I am convinced that any citizen, any reasonable person, would have felt that the passengers’ movements were restricted by this boarding party. It may be, as contended by the State, that Investigator Ronzone did not intend “to block [Mr. Stevenson’s] ability to leave the bus at any time, that no guns were pulled and that he asked the same type of questions to each passenger”; but this does not alter the conclusion that any reasonable person would have considered himself or herself restrained by the four members of this boarding party and not free to leave once the bus was boarded and surrounded.

I dissent because I believe that these boarding parties, at least as they are currently being conducted, are illegal, and because I believe that Mr. Stevenson was subject to an unlawful search and seizure. I am worried about this practice because innocent passengers should not be subjected to systematic violation of their constitutional rights in the hope that a drug courier might occasionally be apprehended. This court should condemn the practice and reverse the district court’s order denying the motion to suppress.

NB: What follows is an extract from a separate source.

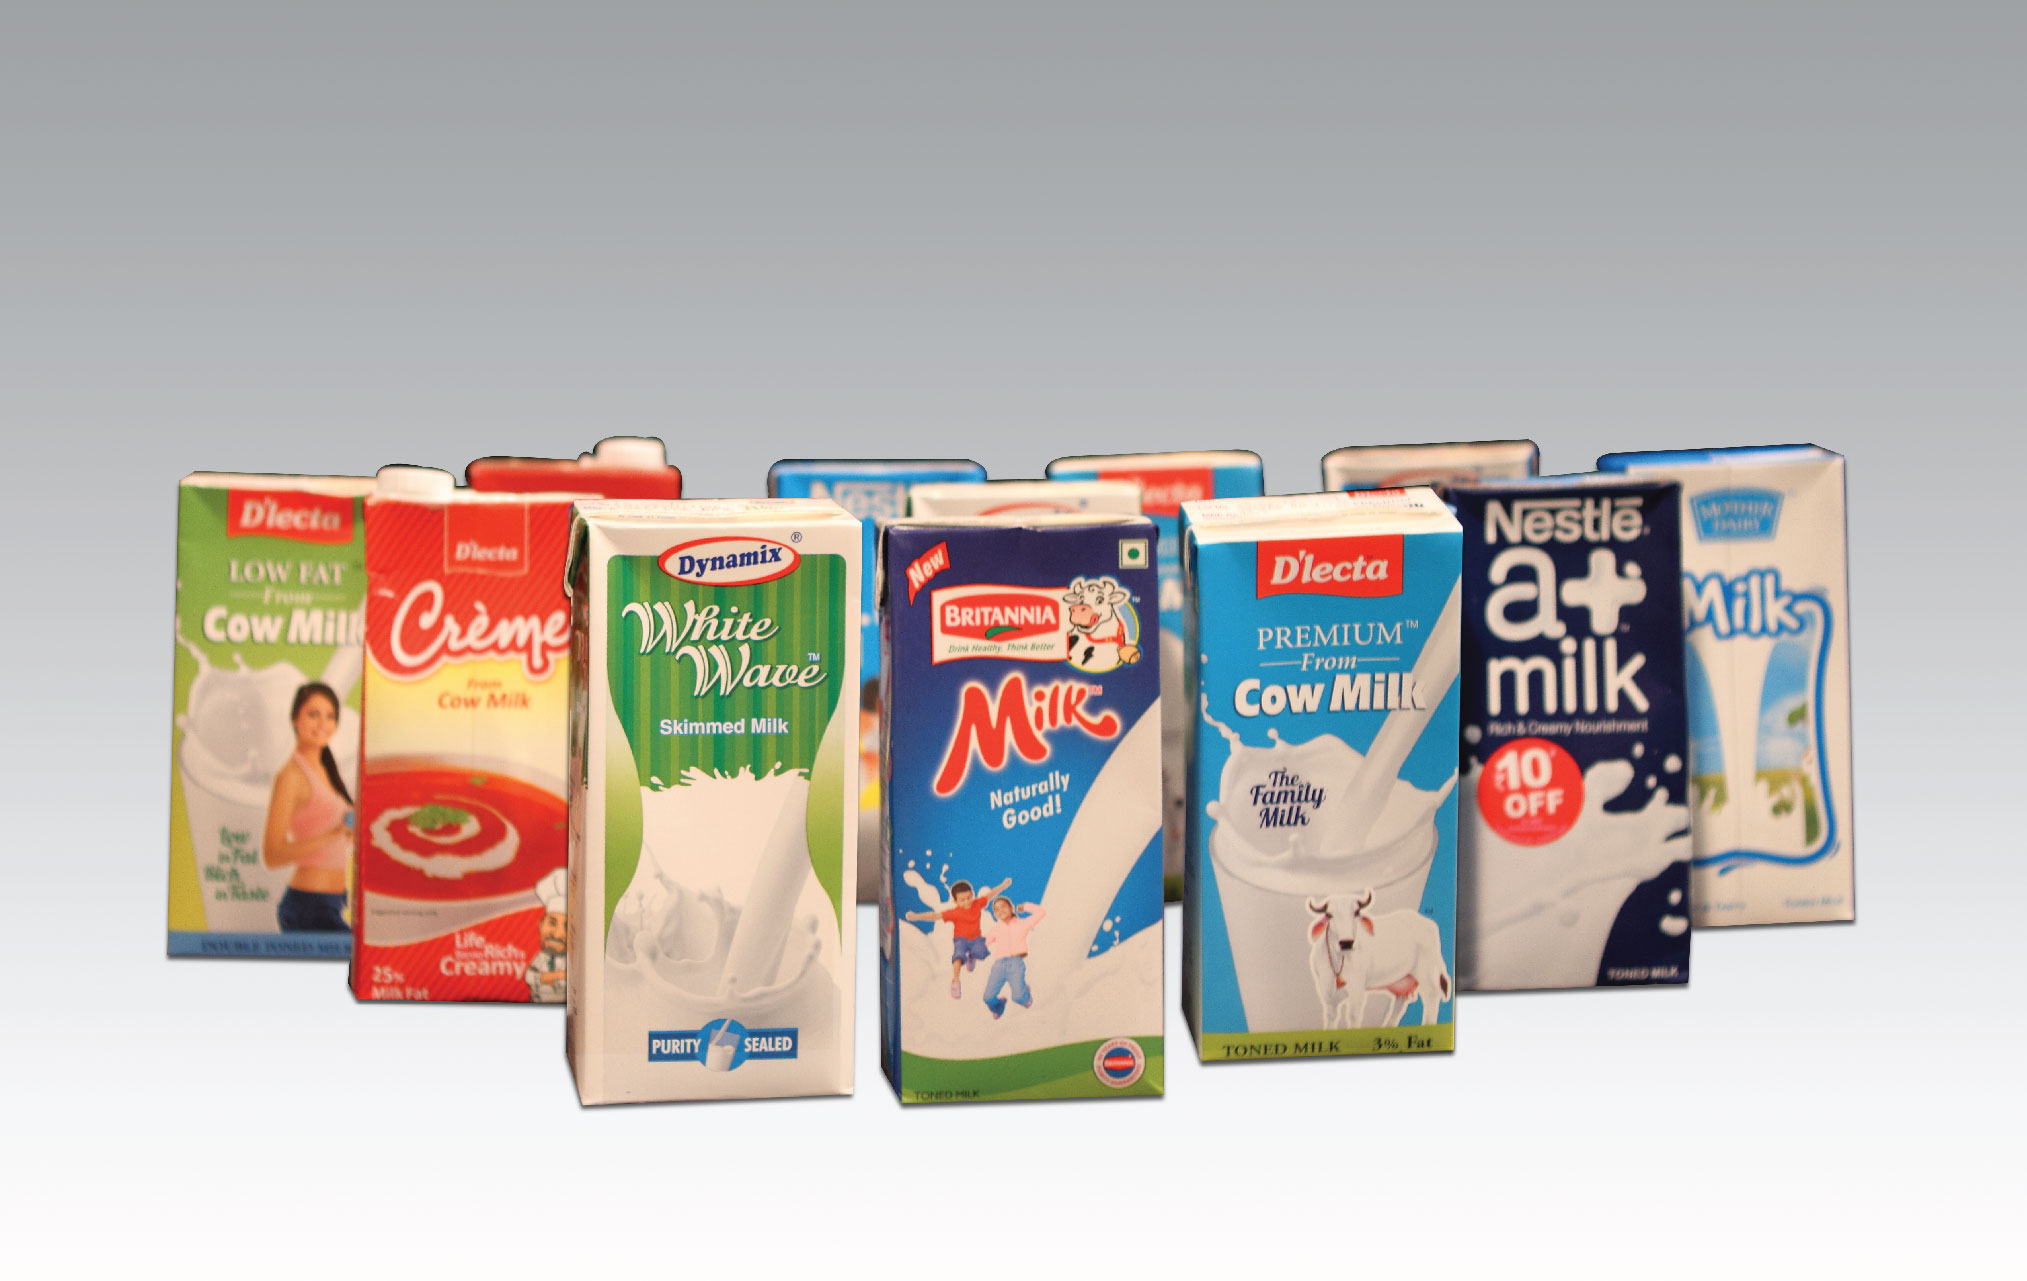 Schreiber Dynamix - UHT milk products
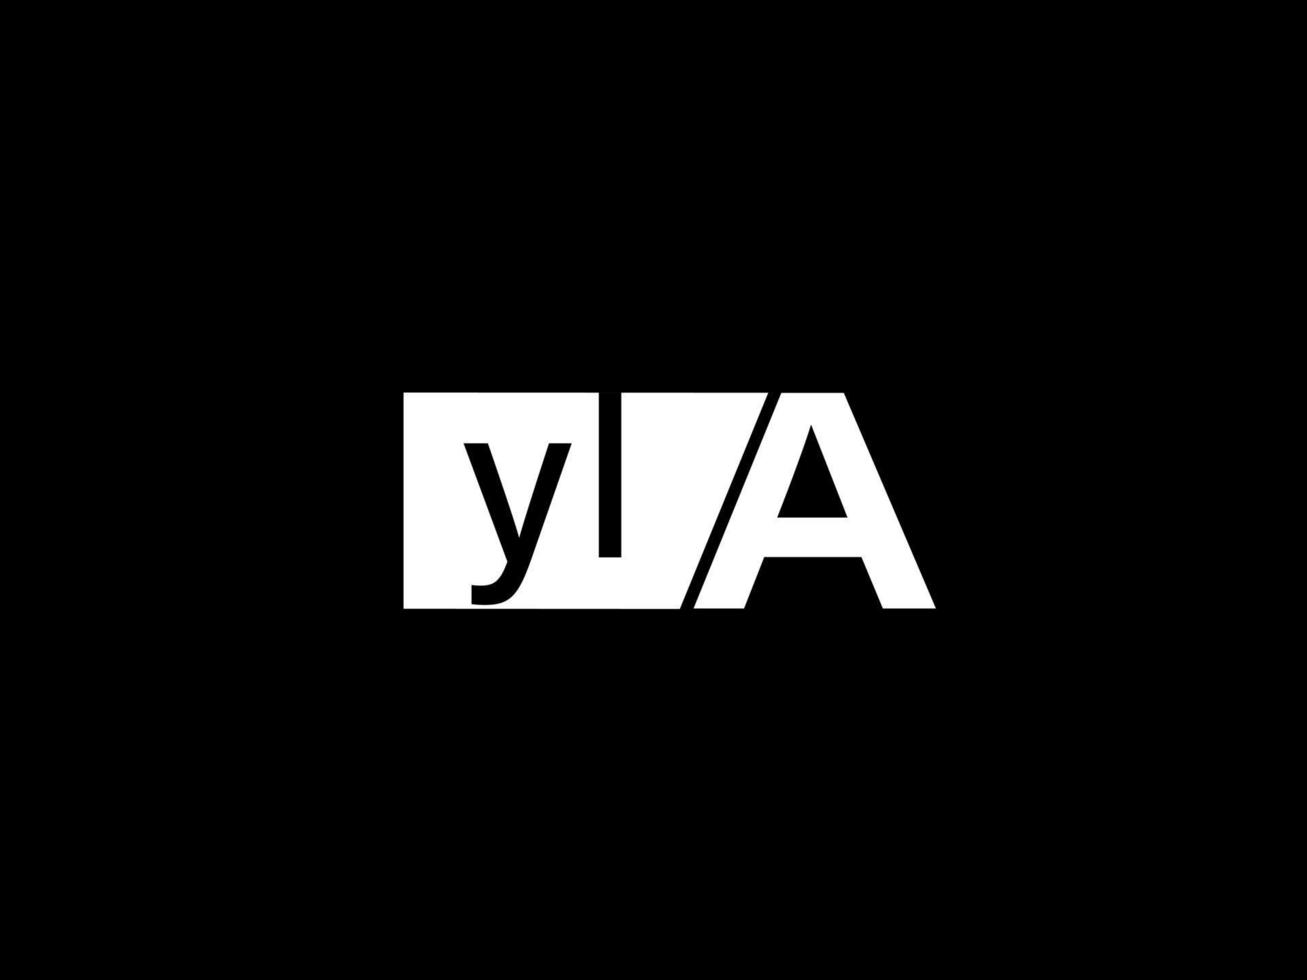 logotipo yla e arte vetorial de design gráfico, ícones isolados em fundo preto vetor

“Commandeer” seems like the correct description of the Task Force’s incursion. The inspector testified that he boarded the bus, “pulled out [his] badge” and then engaged in some “consensual talk with the passengers on the bus, looking for a controlled substance . . . .”

After the time that the inspector announced that he was looking for contraband and that he was going to question the passengers about controlled substances, the passengers certainly were not, as claimed by the inspector, “free to do whatever they want[edj.”

The inspector’s conclusory testimony that people were “free” to leave the bus while he was interrogating them and his reply in answer to a leading question that passengers were actually “leaving [and] getting on and off the bus” does not persuade me that the passengers had not been “seized” at the time the officer was conducting his search for “controlled substancefs].” The officer’s telling passengers, in effect, “I am a narcotics officer. I am looking for narcotics and I want to question you,” cannot be taken as an invitation to leave the bus at will.

I note that the defendant in Bostick, unlike Stevenson, was “specifically advised . . . that he could refuse consent.” Id. at 437. I do not contend that the officers’ not informing Stevenson of a right to refuse to consent is alone dispositive of this case, but this does suggest the failure to advise him of this right would make a reasonable person even more inclined to believe that he was under the officers’ dominion and control.